There are at least two bad possible outcomes to this:

1) a) A callback enqueued early on an sdp is recorded pending on
      sdp->mynode->srcu_data_have_cbs in srcu_funnel_gp_start() with
      sdp->mynode pointing to a deep leaf (say 3 levels).

   b) The grace period ends after rcu_init_geometry() which shrinks the
      nodes level to a single one. srcu_gp_end() walks through the new
      snp hierarchy without ever reaching the old leaves so the callback
      is never executed.

   This is easily reproduced on an 8 CPUs machine with
   CONFIG_NR_CPUS >= 32 and "rcupdate.rcu_self_test=1". The
   srcu_barrier() after early tests verification never completes and
   the boot hangs:

        [ 5413.141029] INFO: task swapper/0:1 blocked for more than 4915 
seconds.
        [ 5413.147564]       Not tainted 5.12.0-rc4+ #28
        [ 5413.151927] "echo 0 > /proc/sys/kernel/hung_task_timeout_secs" 
disables this message.
        [ 5413.159753] task:swapper/0       state:D stack:    0 pid:    1 ppid: 
    0 flags:0x00004000
        [ 5413.168099] Call Trace:
        [ 5413.170555]  __schedule+0x36c/0x930
        [ 5413.174057]  ? wait_for_completion+0x88/0x110
        [ 5413.178423]  schedule+0x46/0xf0
        [ 5413.181575]  schedule_timeout+0x284/0x380
        [ 5413.185591]  ? wait_for_completion+0x88/0x110
        [ 5413.189957]  ? mark_held_locks+0x61/0x80
        [ 5413.193882]  ? mark_held_locks+0x61/0x80
        [ 5413.197809]  ? _raw_spin_unlock_irq+0x24/0x50
        [ 5413.202173]  ? wait_for_completion+0x88/0x110
        [ 5413.206535]  wait_for_completion+0xb4/0x110
        [ 5413.210724]  ? srcu_torture_stats_print+0x110/0x110
        [ 5413.215610]  srcu_barrier+0x187/0x200
        [ 5413.219277]  ? rcu_tasks_verify_self_tests+0x50/0x50
        [ 5413.224244]  ? rdinit_setup+0x2b/0x2b
        [ 5413.227907]  rcu_verify_early_boot_tests+0x2d/0x40
        [ 5413.232700]  do_one_initcall+0x63/0x310
        [ 5413.236541]  ? rdinit_setup+0x2b/0x2b
        [ 5413.240207]  ? rcu_read_lock_sched_held+0x52/0x80
        [ 5413.244912]  kernel_init_freeable+0x253/0x28f
        [ 5413.249273]  ? rest_init+0x250/0x250
        [ 5413.252846]  kernel_init+0xa/0x110
        [ 5413.256257]  ret_from_fork+0x22/0x30

2) An ssp that gets initialized before rcu_init_geometry() and used
   afterward will always have stale rdp->mynode references, resulting in
   callbacks to be missed in srcu_gp_end(), just like in the previous
   scenario.

Solve this with fixing the node tree layout of early initialized ssp
once rcu_init_geometry() is done. Unfortunately this involves a new
field into struct srcu_struct to postpone the ssp hierarchy rebuild.

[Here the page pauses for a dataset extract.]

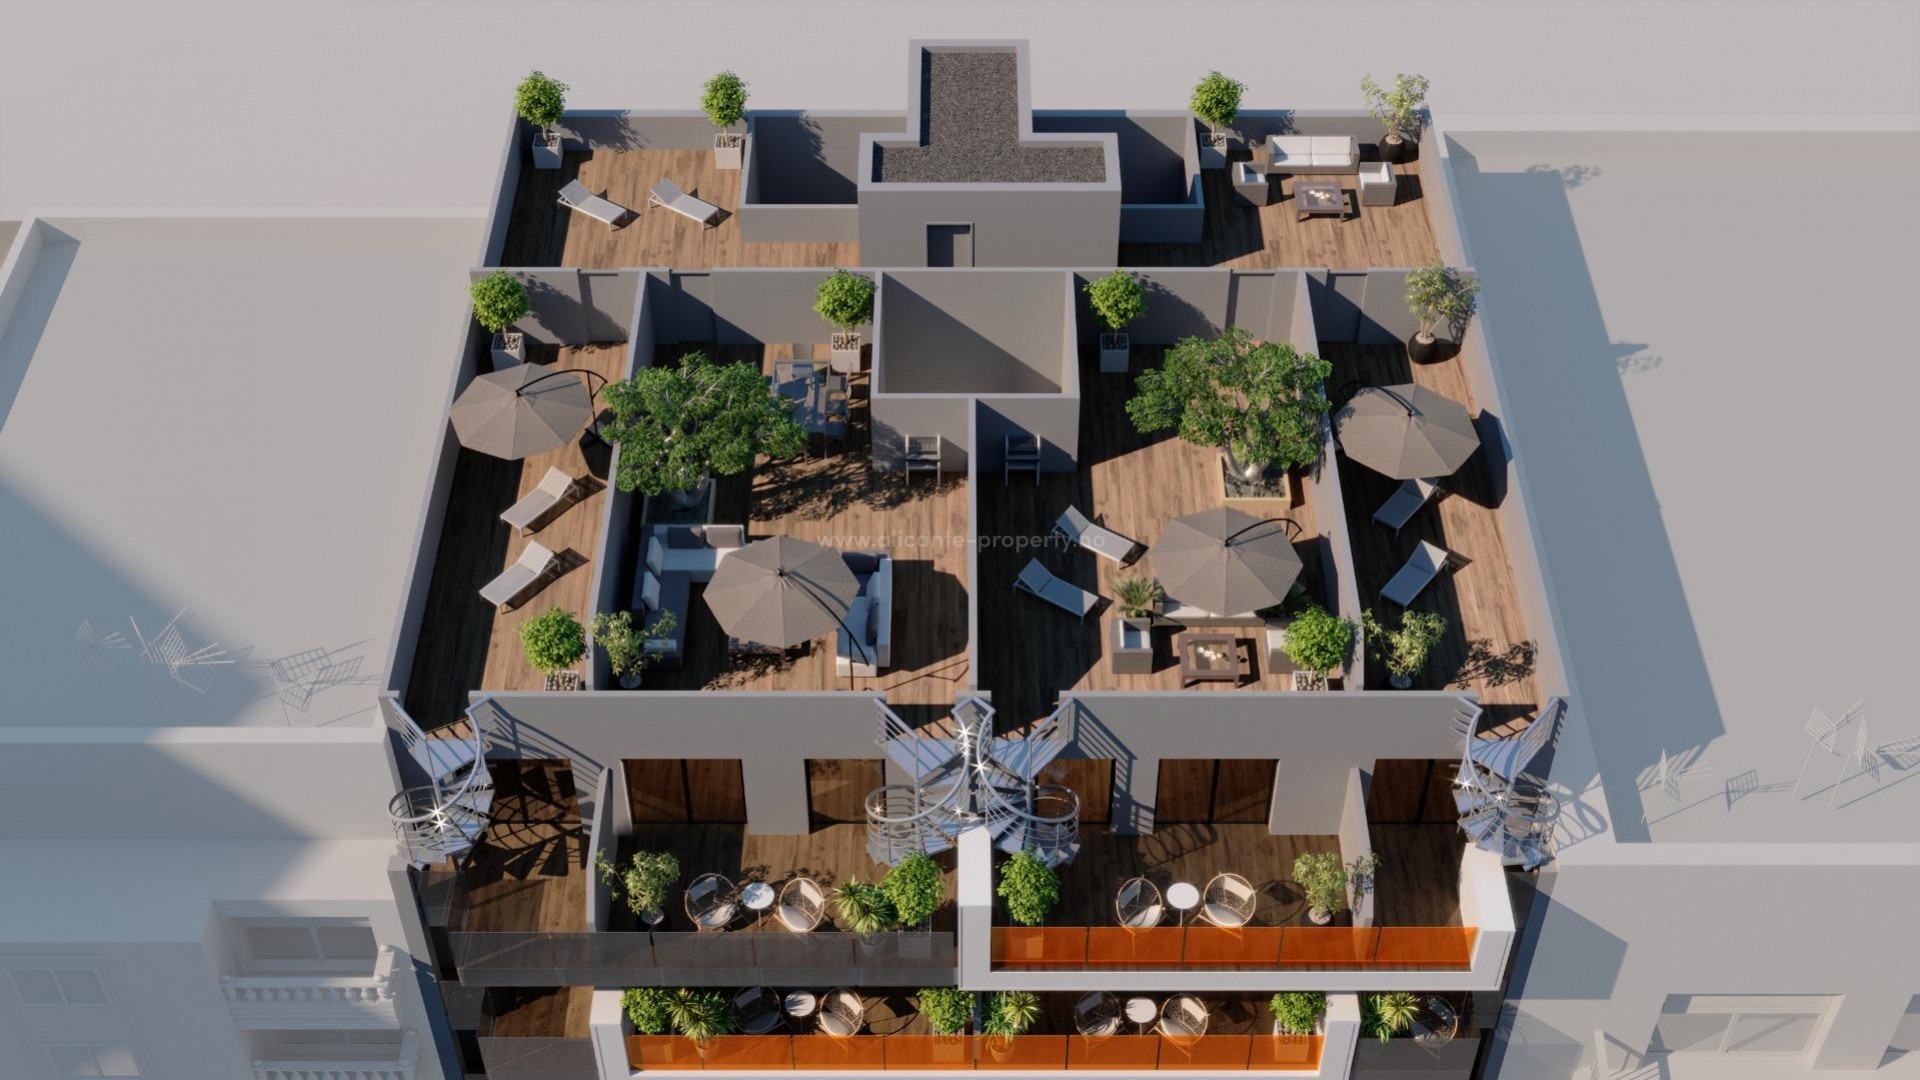 Nye boliger i Torrevieja, 21 leiligheter/toppleiligheter, 2/3 soverom, 2 bad, store terrasser, felles svømmebasseng og badstue,underjordisk parkeringsplass

Signed-off-by: Frederic Weisbecker <frede...@kernel.org>
Cc: Boqun Feng <boqun.f...@gmail.com>
Cc: Lai Jiangshan <jiangshan...@gmail.com>
Cc: Neeraj Upadhyay <neer...@codeaurora.org>
Cc: Josh Triplett <j...@joshtriplett.org>
Cc: Joel Fernandes <j...@joelfernandes.org>
Cc: Uladzislau Rezki <ure...@gmail.com>
---
 include/linux/srcutree.h |  1 +
 kernel/rcu/srcutree.c    | 68 +++++++++++++++++++++++++++++++++++-----
 2 files changed, 62 insertions(+), 7 deletions(-)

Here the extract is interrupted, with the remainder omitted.